Beaver.stream '/path/to/httpd/access_logs*' do
  hit :failed_logins, :method => :post, :path => '/login', :status => 401
  dam :failed_logins do
    puts "#{hits.size} failed logins!"
  end
end

Or with even less DSL…

beaver = Beaver.new('/path/to/httpd/access_logs*')
beaver.hit :failed_logins, :method => :post, :path => '/login', :status => 401
beaver.dam :failed_logins do
  puts "#{hits.size} failed logins!"
end
beaver.stream

Or just to parse and return the matching requests…

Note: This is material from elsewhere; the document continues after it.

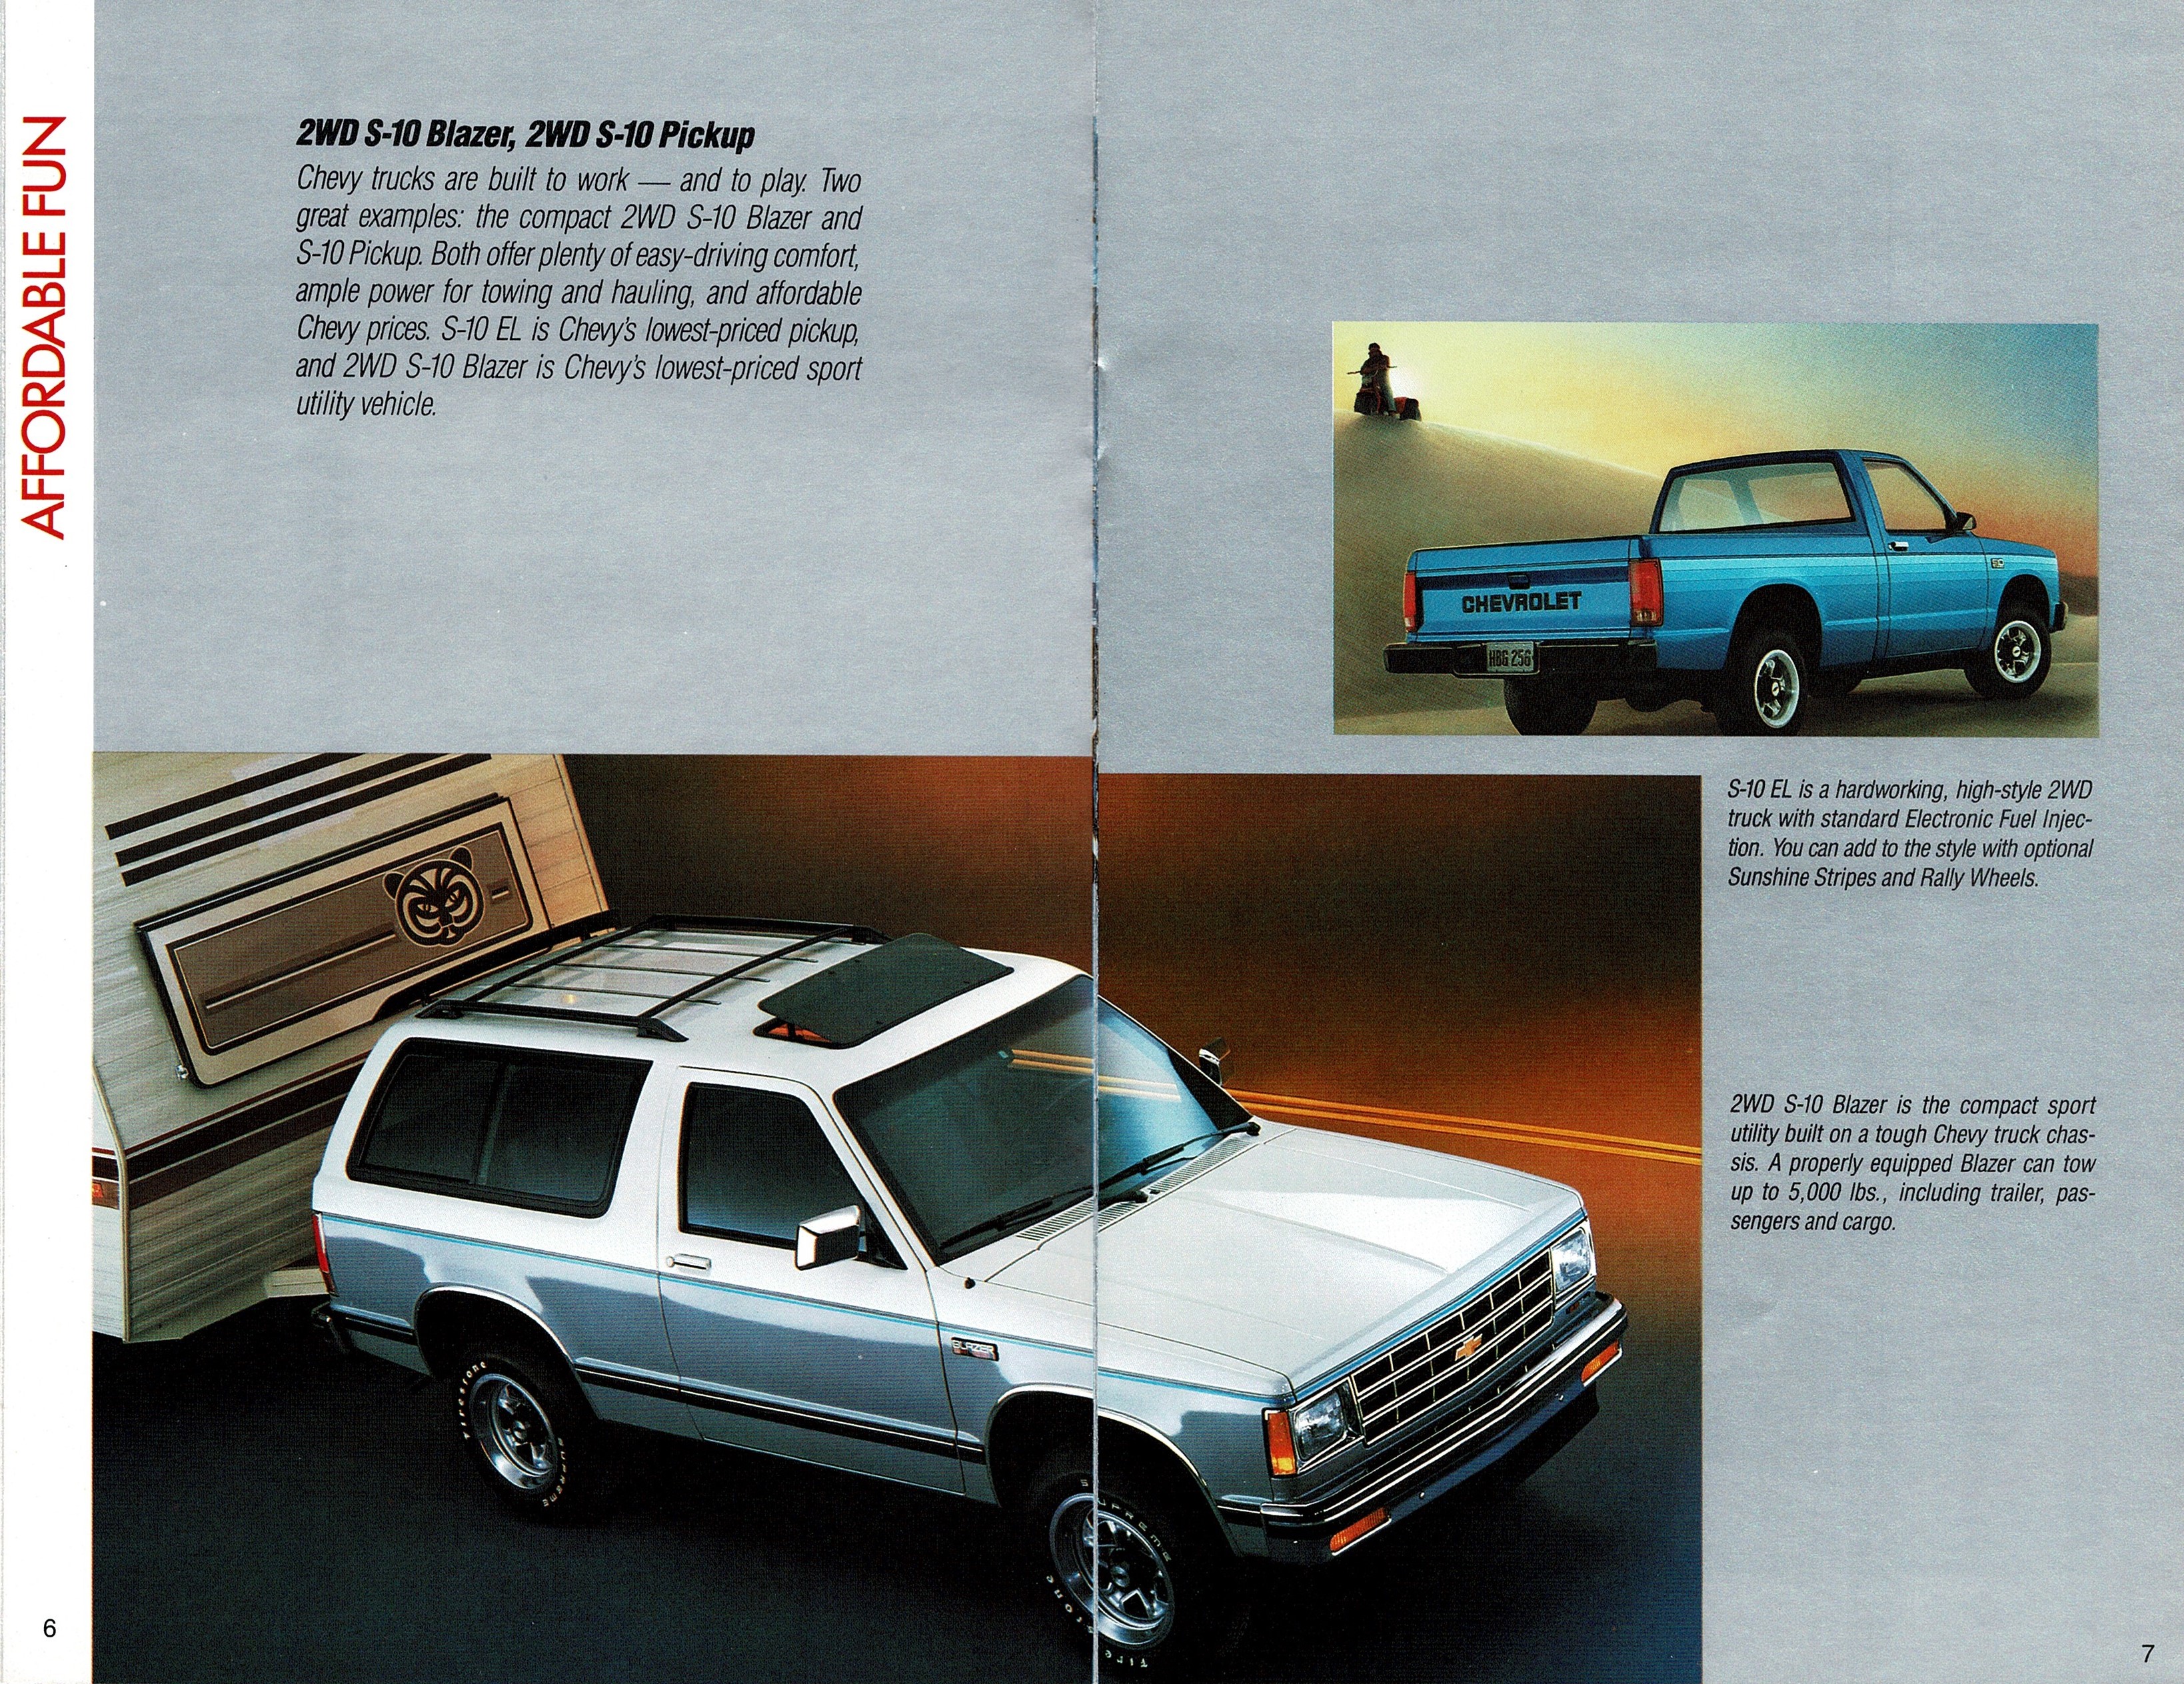 1988 Chevrolet Cars and Trucks_004
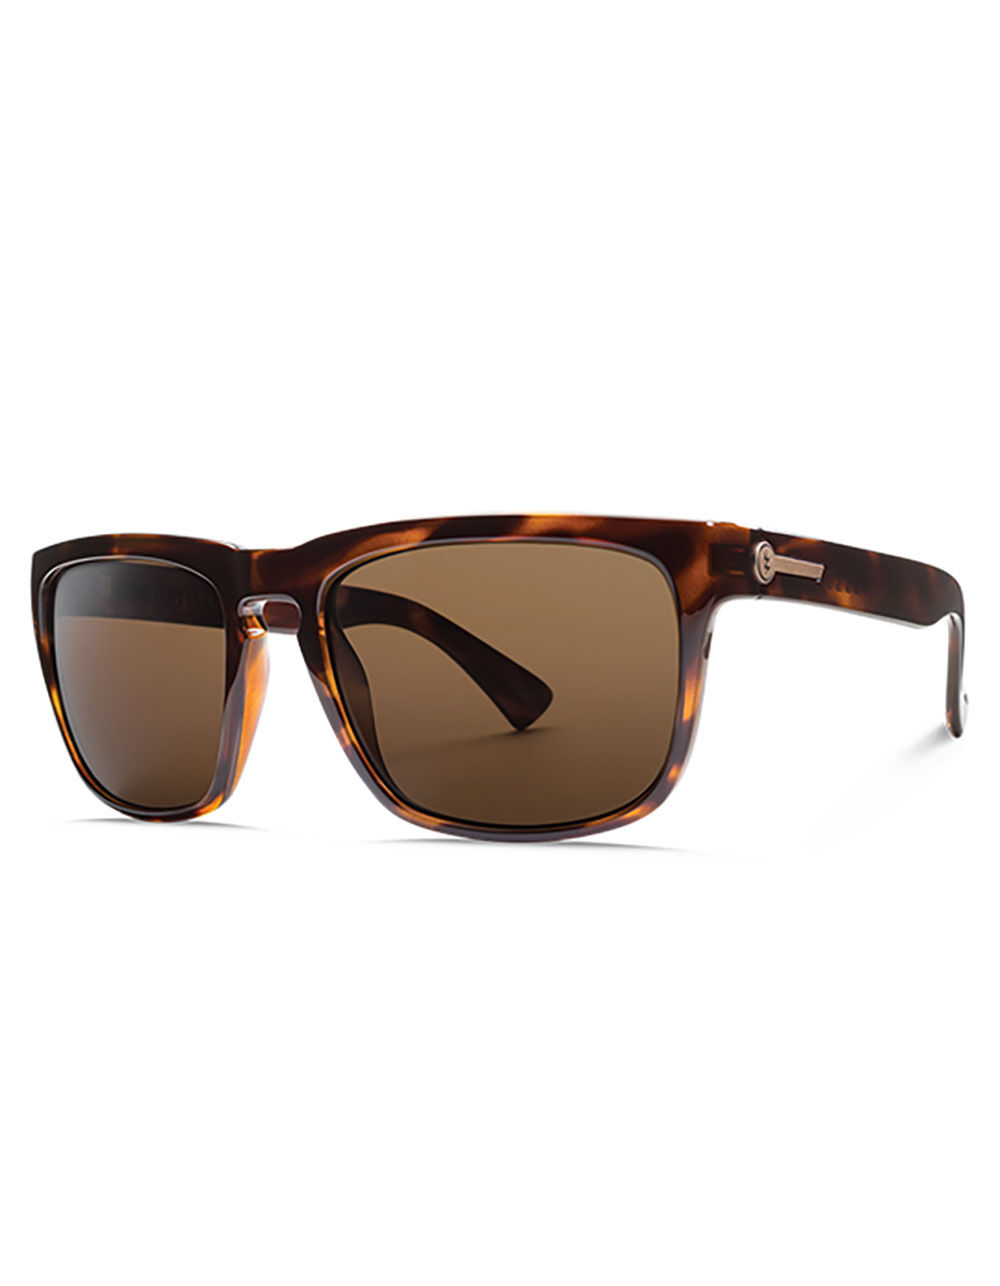 ELECTRIC KNOXVILLE POLARIZED SUNGLASSES

requests = Beaver.dam('/path/to/rails/production.log*', :method => :put)

Or as just a parser (no filtering)…

requests = Beaver.parse('/path/to/rails/production.log*')

Use beaver as part of the *nix toolchain

It’s difficult to grep through a multi-line log format like Rails’ and output each matching multi-line event (though I hear Google is working on a ‘Context-Free Grep’, which may help solve that). Until then, for Rails anyway, beaver is happy to step in.

beaver --path="/widgets" --method=post,put --tagged=tag1,tag2 /var/www/rails-app/log/production.log

Or format the output to a single line:

beaver --controller=widgets /var/www/rails-app/log/production.log --print "%{ip} hit %{action} using %{method}"

Also accepts log content from pipes and stdin. Use it to filter log files:

cat /var/www/rails-app/log/production.log* | beaver --action=edit

beaver --action=edit < /var/www/rails-app/log/production.log.1 

beaver --action=edit --stdin

Or for dead-simple real-time event monitoring:

tail -f /var/log/nginx/access_log | beaver www.rb

See all options with ‘beaver –help’.

Example use with Logwatch

This assumes 1) you’re rotating your Rails logs daily and 2) you’re running logwatch daily.

Check your beaver DSL file into your Rails app, maybe under /script.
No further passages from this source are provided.